I enjoyed both Jude and Faron as individual characters and as a couple. Jude came across younger than this actual age but this comes mostly from his vulnerability and his natural gentle nature. Jude isn’t miraculously cured by the end of the book but you can tell that he’s found acceptance in his story and that he’s not going to give up on himself or on his relationship with Faron. Since this is told completely from Jude’s point of view we really get in his head and I wish we had this deep connection with Faron as well.

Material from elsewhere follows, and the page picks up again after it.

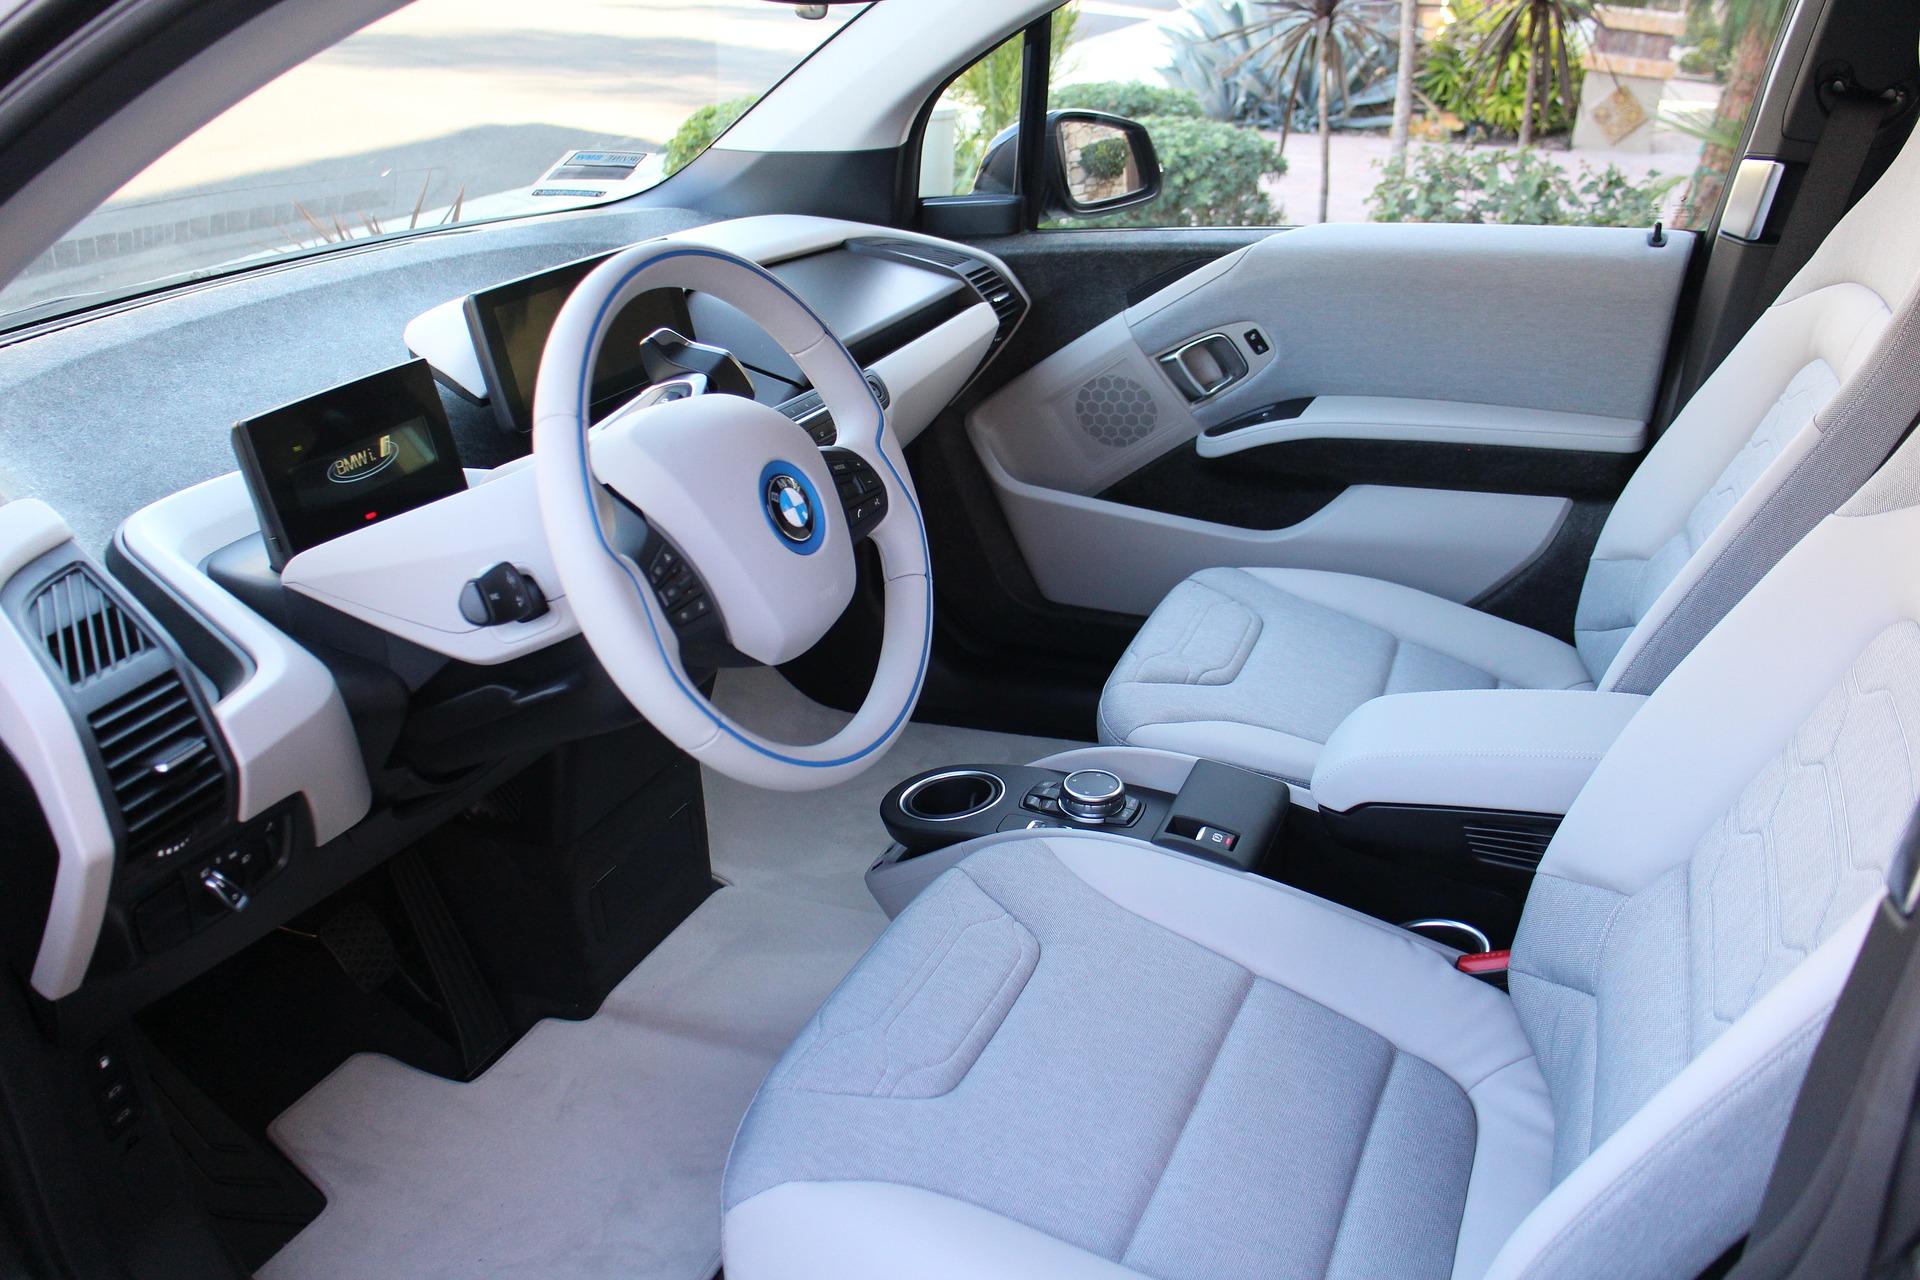 Foto da parte interna de um carro, todo branco, com bancos e painel. Imagem ilustrativa para o texto sujeiras comuns em carros.

As Jude and Faron spend more time together we learn about Faron’s history and some of his struggles and I felt that depth but I wanted to know about Faron’s thoughts and emotions too. His support of Jude and his understanding of how to be with Jude, even when the depression gets the best of him, makes Faron seem almost too perfect. Intellectually, I know that Faron must have concerns and doubts and fears but we don’t see that — we only see his near perfect reactions to everything.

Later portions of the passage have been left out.